━━━━━ Provided material ━━━━━

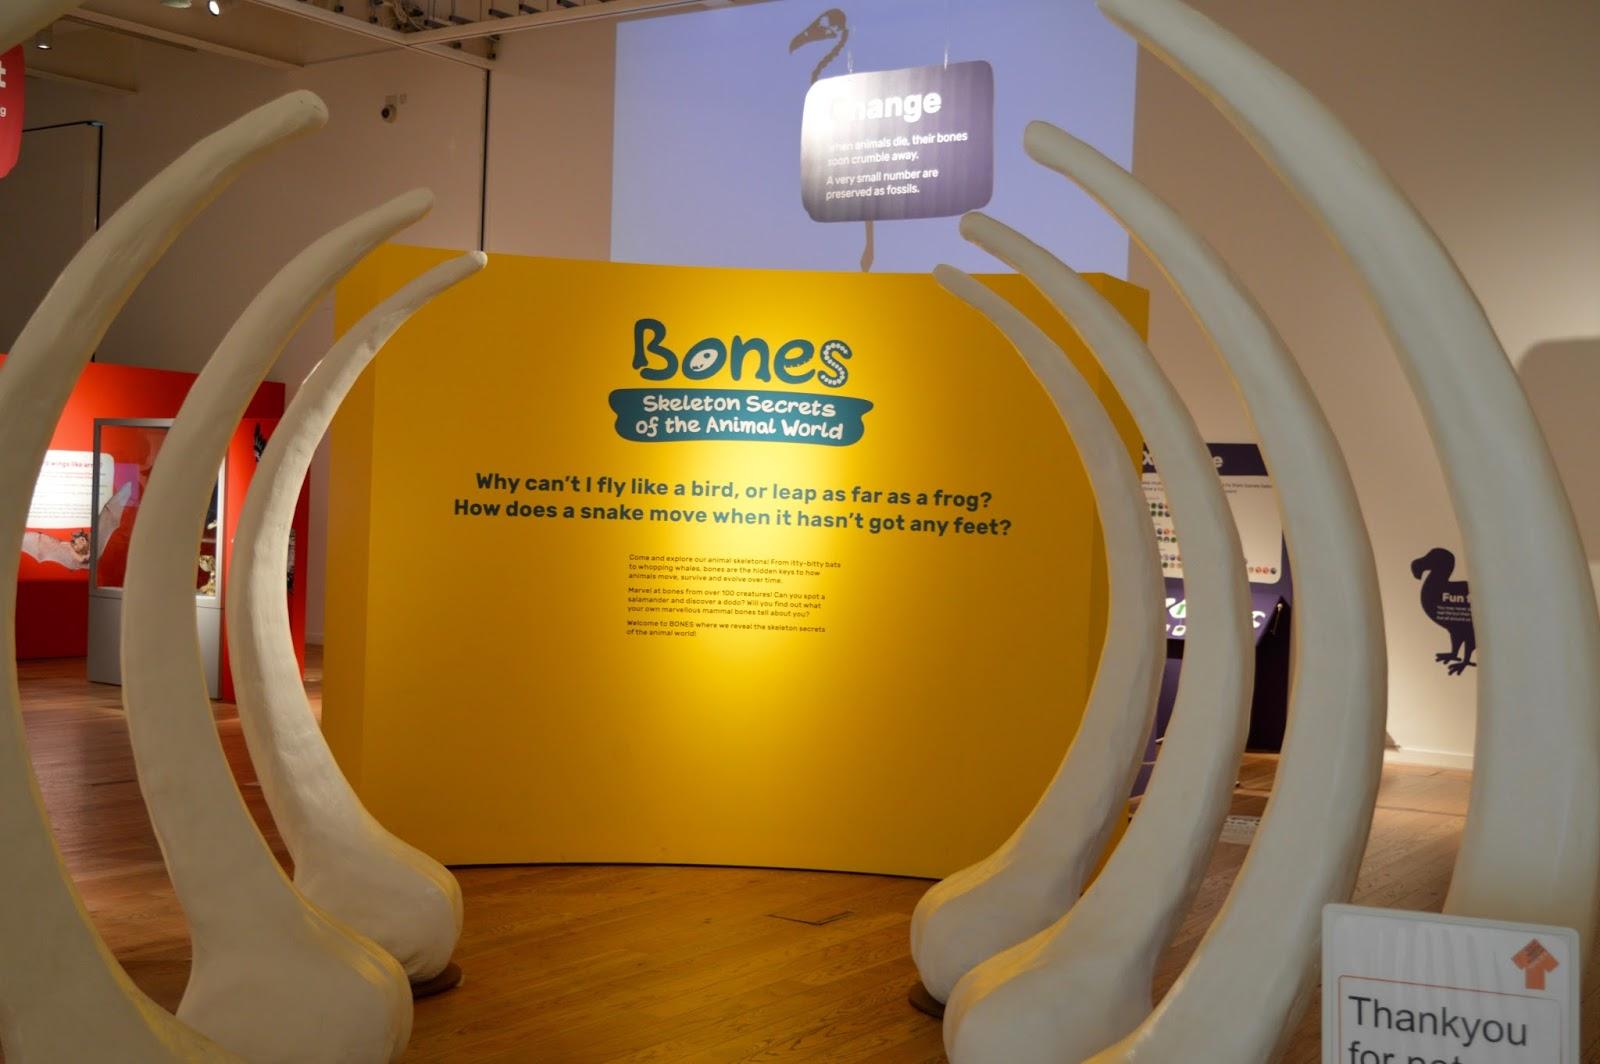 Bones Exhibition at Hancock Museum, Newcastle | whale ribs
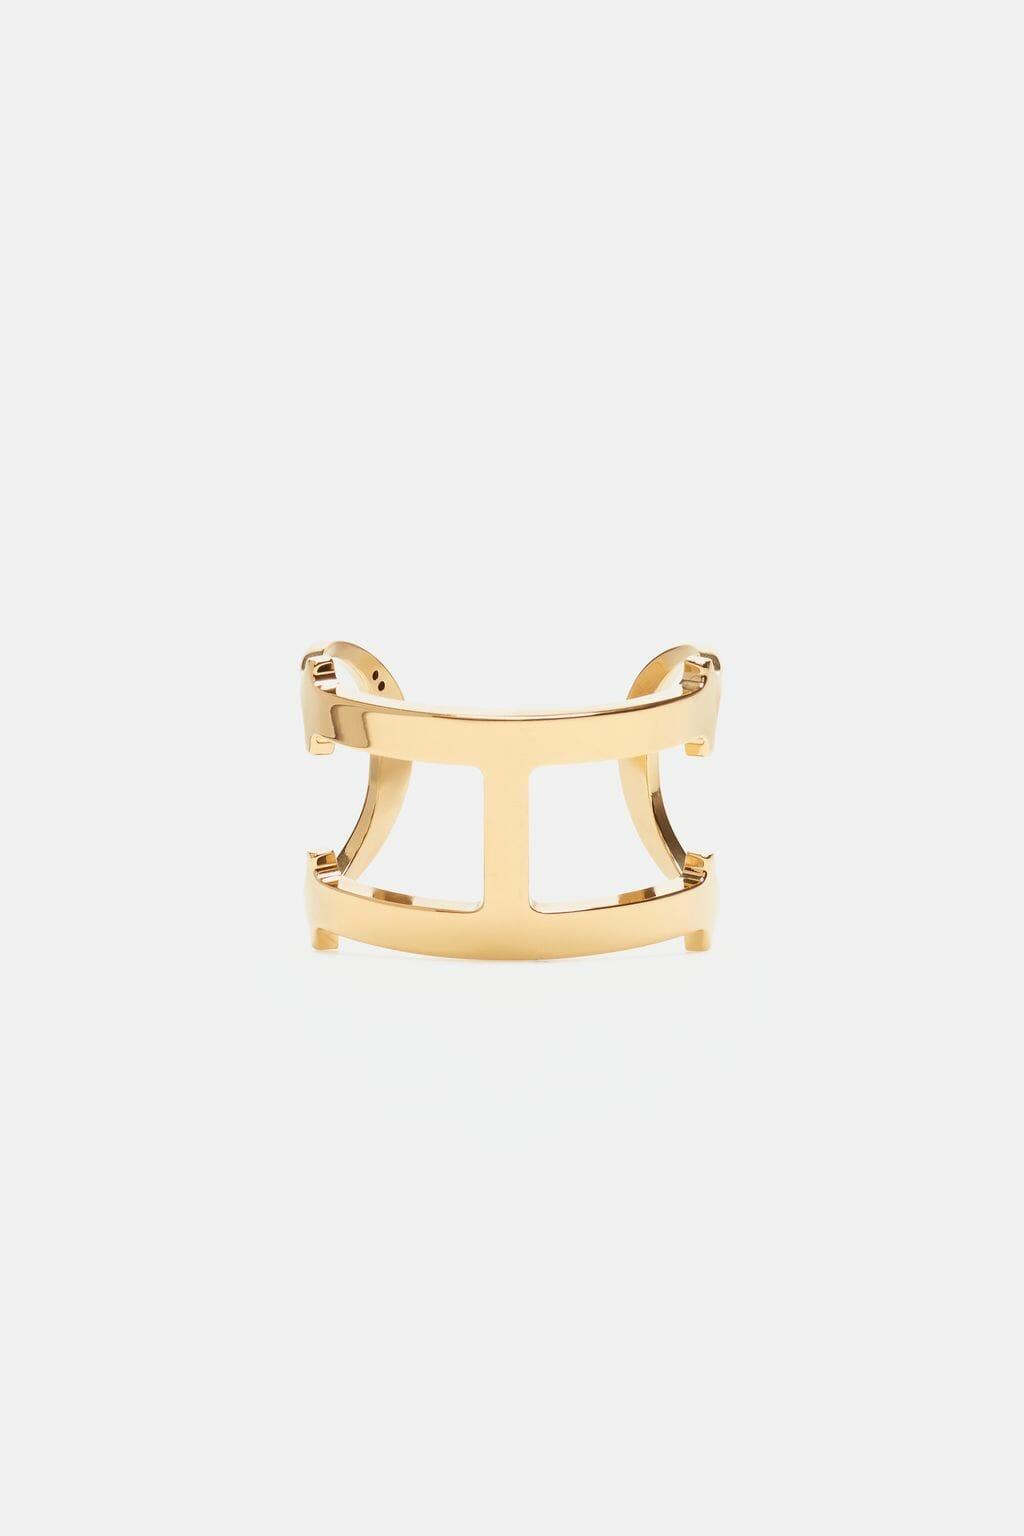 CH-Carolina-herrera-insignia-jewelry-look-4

━━━━━
━━━━━ Provided material ━━━━━

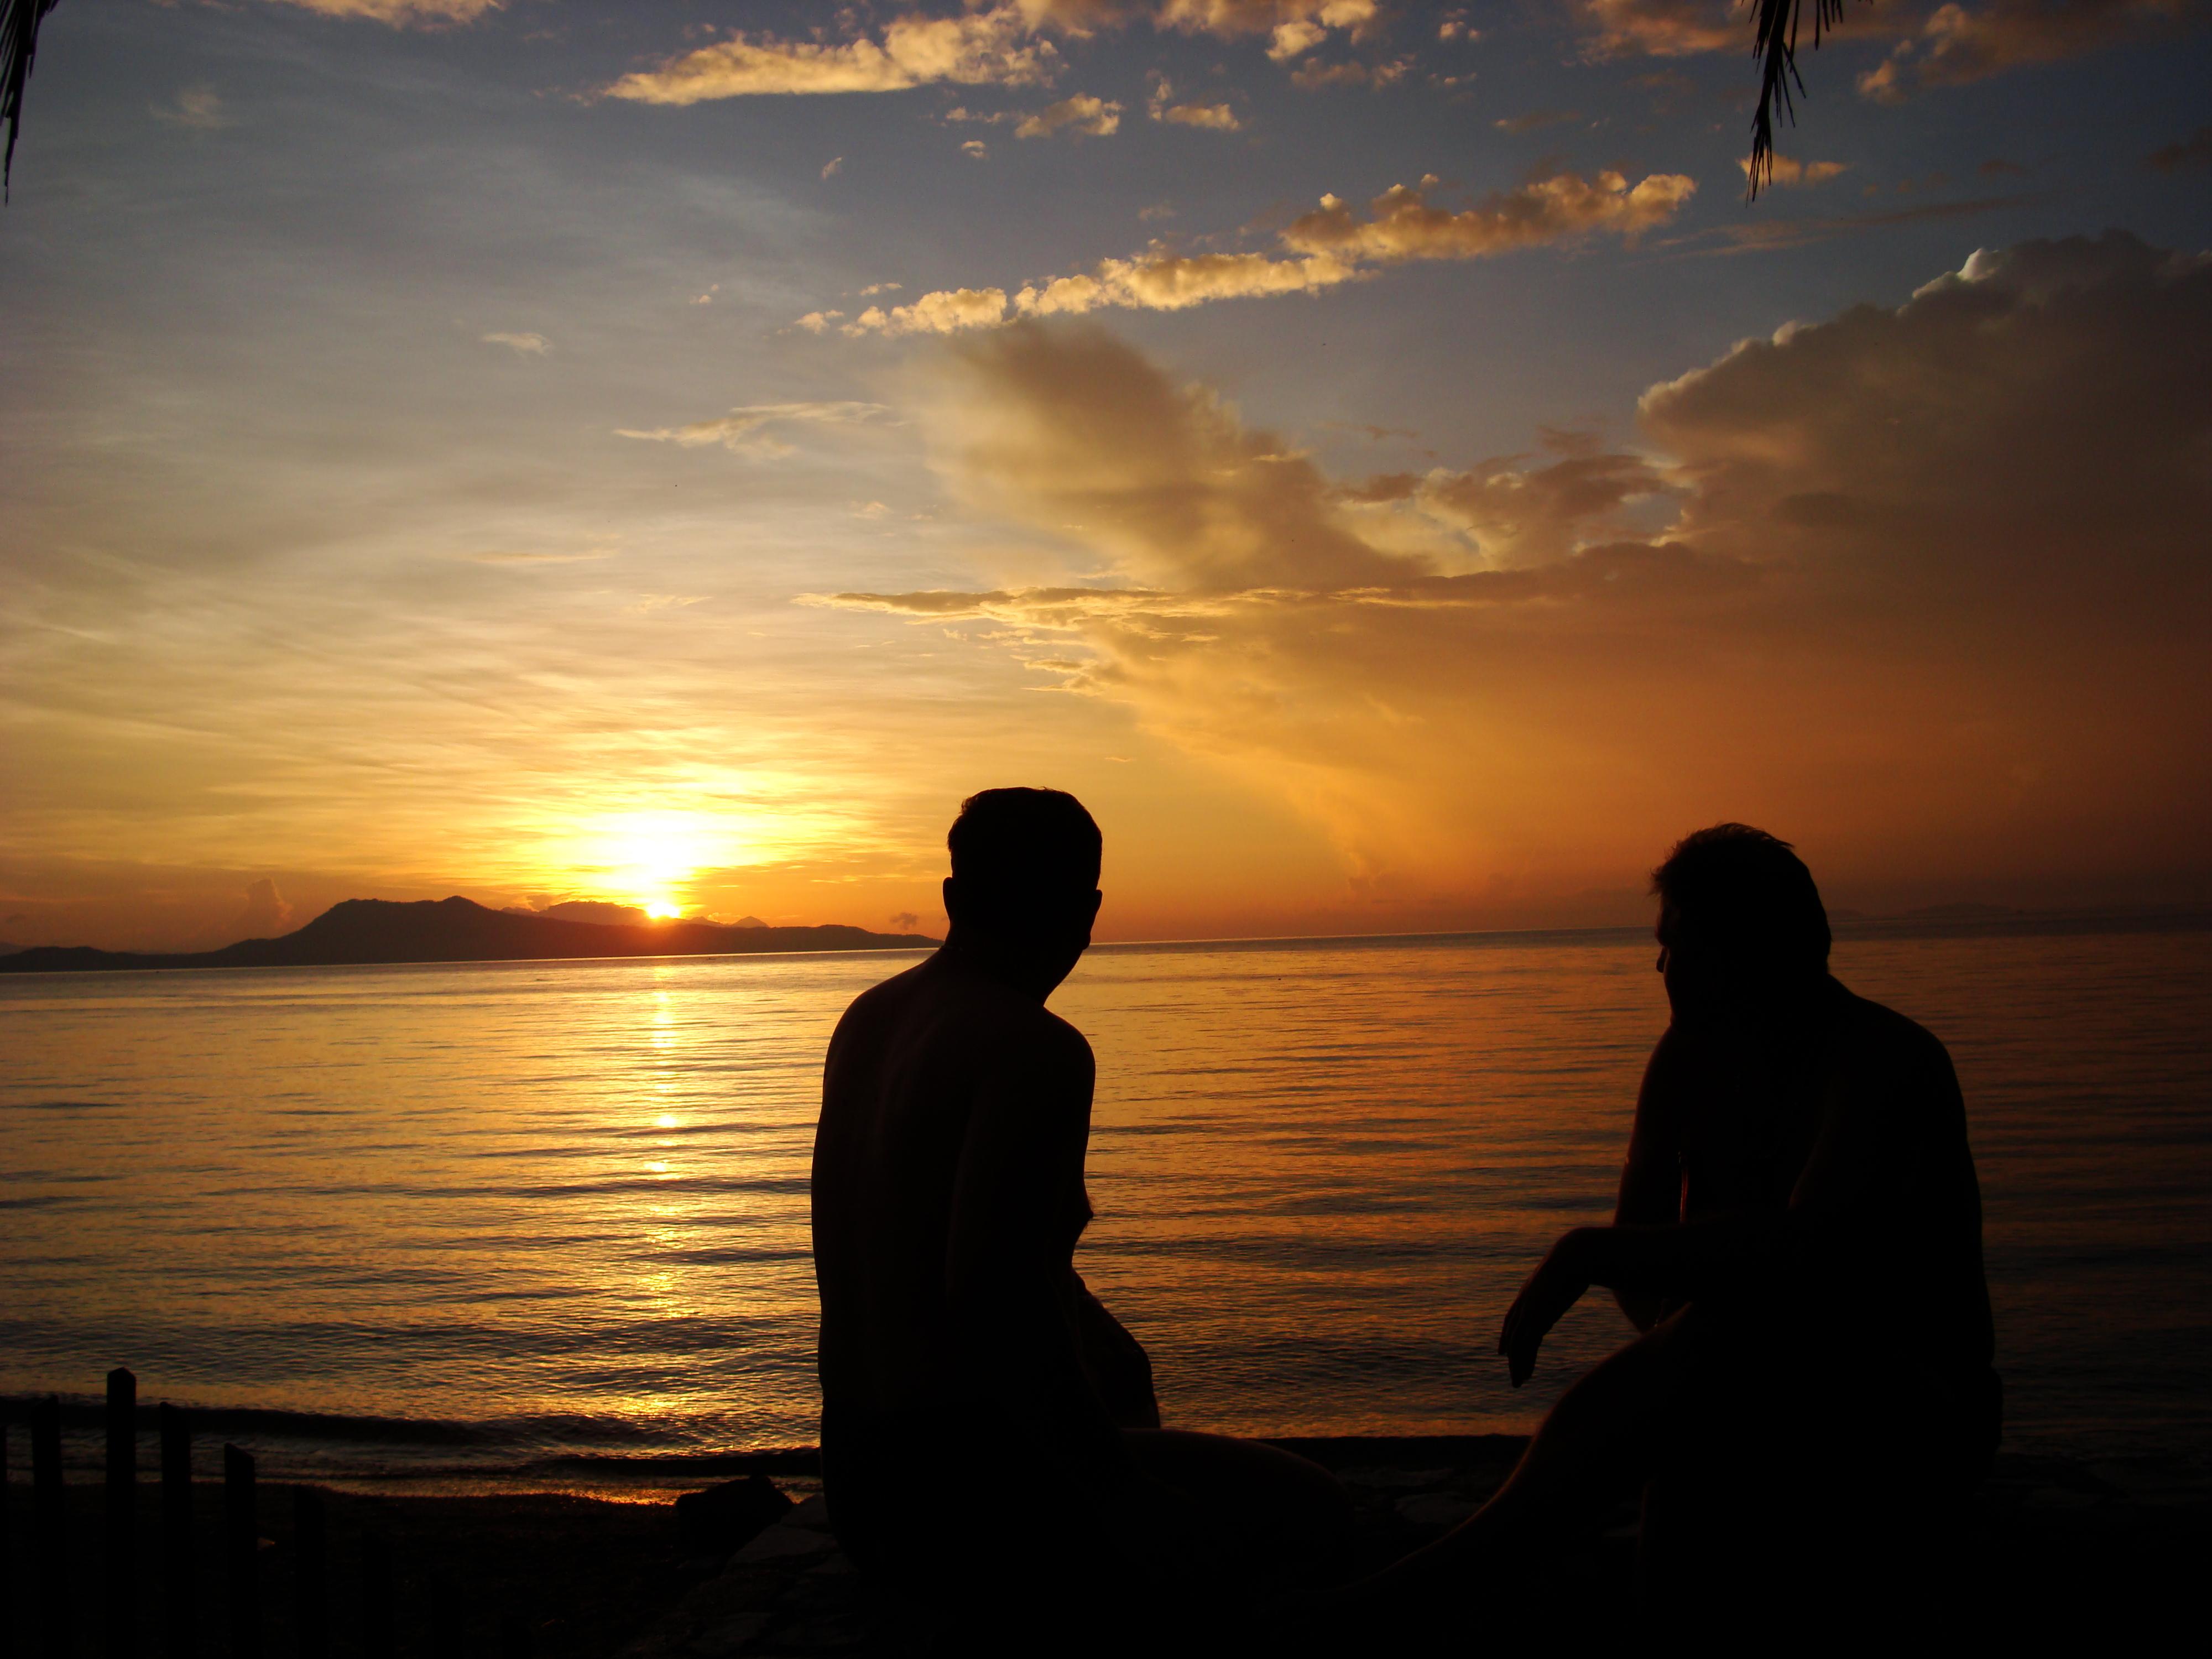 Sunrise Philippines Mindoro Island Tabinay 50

━━━━━

#### Problem to solve
In the listing above, the required lines run from the line with "Bones Exhibition at" through the line with "CH-Carolina-herrera-insignia-jewelry-look-4". Output exactly those lines, omitting pictures.

#### Solution to this problem
 Bones Exhibition at Hancock Museum, Newcastle | whale ribs
 CH-Carolina-herrera-insignia-jewelry-look-4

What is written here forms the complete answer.